In one experiment, participants were asked to complete a puzzle. Next to them was a person who had promised to help them; only that in some cases it did, in others it did not and in some cases it offered assistance that could be considered excessive.

What happened?

The researchers noted that people were irritated when those who promised to help did not keep their promise, but curiously, there was no substantial difference when the person kept the promise or went too far with the help offered. In fact, psychologists were amazed to find that offering more help than expected had such a minimal effect in terms of gratitude and appreciation.

These researchers concluded that, on a societal level, the action that involves keeping a promise is often overestimated. Because? Simply because keeping a promise not only does something good for someone, but we also respect some kind of implicit social contract and show that we are trustworthy people.

What are the tips applicable to everyday life?

First, that it is important to keep the promises made, at least if you want to continue to maintain a good relationship with the person. Keeping a promise generates appreciation and trust.

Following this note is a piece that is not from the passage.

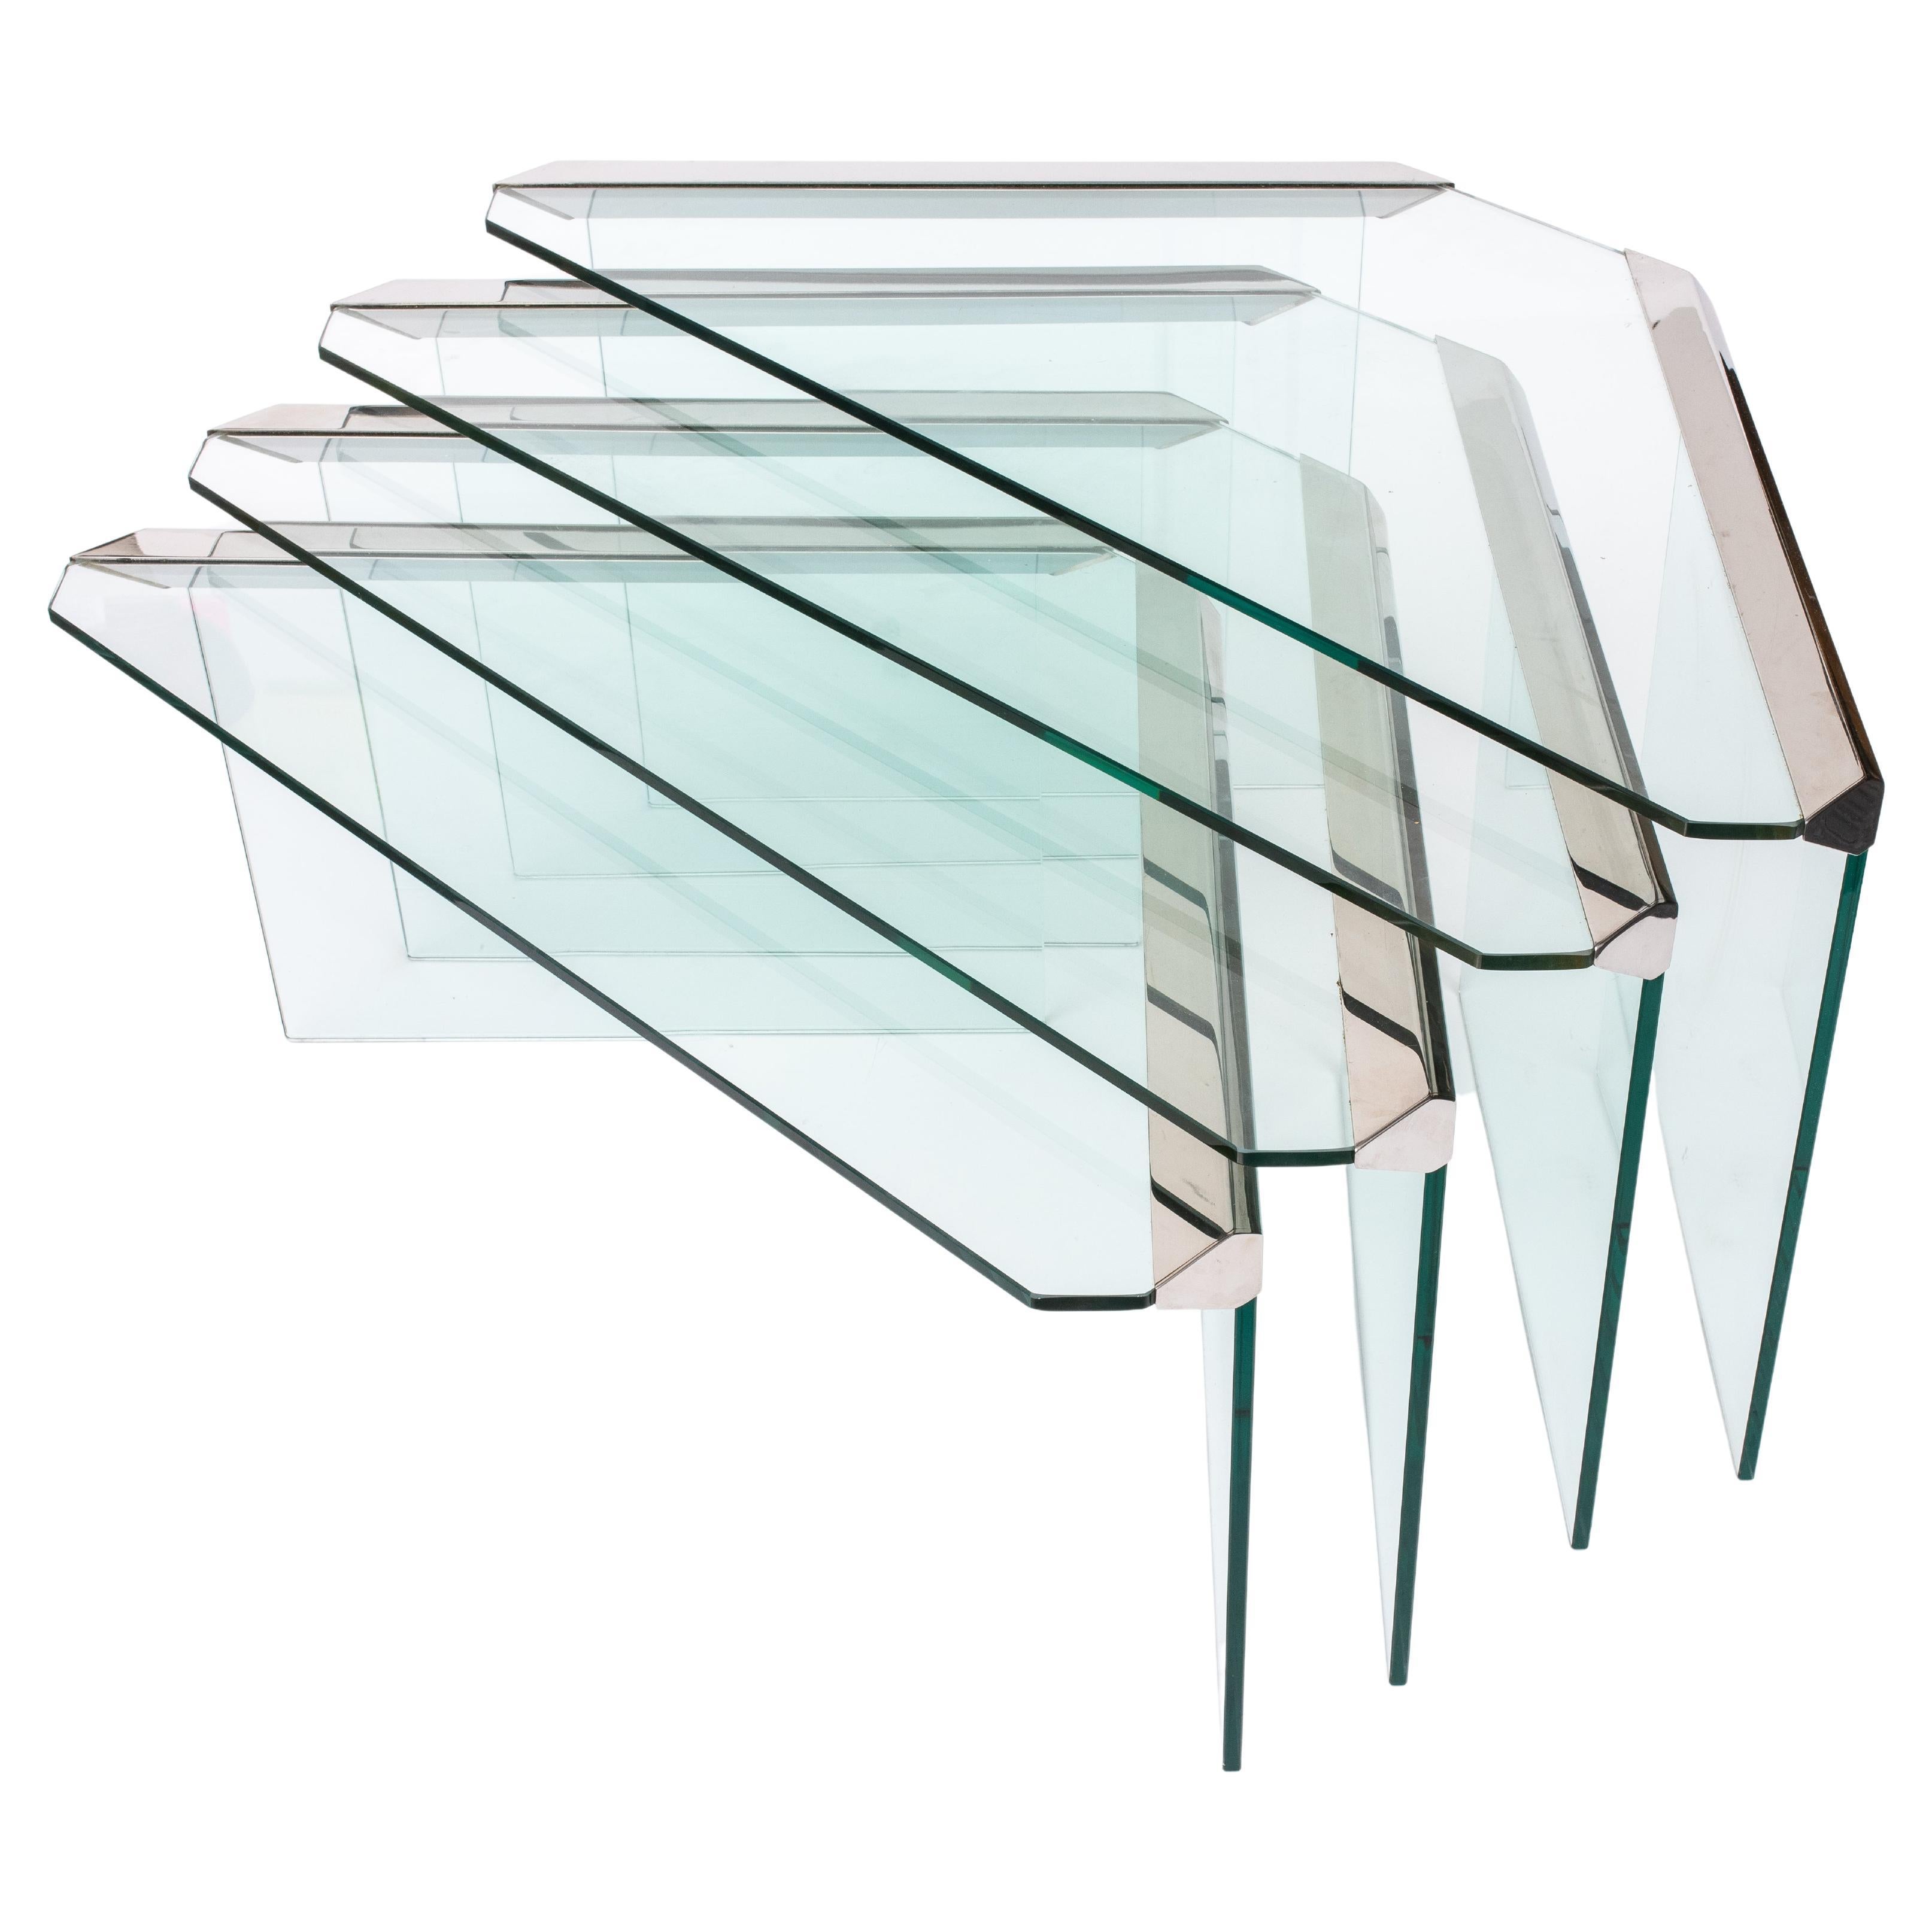 Pierangelo Galotti for Galotti & Radice Italian Modern set of four nesting tables in chrome and glass, produced in the early 1980s. Tallest:

Measurements: 15

Second, that it is not necessary to make a superhuman effort or to give much more than what we have promised, as this "extra" is not always appreciated. Therefore, if you want to exceed the expectations of the other, you must be motivated by self-satisfaction, and you should not be angry if the person does not show the gratitude that was expected to receive.

Do you prefer a just society or a generous society?

The results of this study may seem strange, but in reality they reflect one of the implicit rules of our society, and this is also demonstrated by another equally interesting experiment in which the participants were engaged in a game called "the dictator". In practice, some of the participants had the power to punish or reward based on the behavior of the other participants in the game.

Thus it could be observed that some of them punished people for being selfish and rewarded them when they were right, but generosity often went unnoticed. And, apparently, in our social system the value of justice is higher than that of generosity. Therefore, we react positively when someone keeps his promise but we do not get particularly excited if he is also generous.

Of course, this does not mean that being generous is wrong, but that in the hierarchy of social values ​​that many of us share, we place more weight on justice without even realizing it.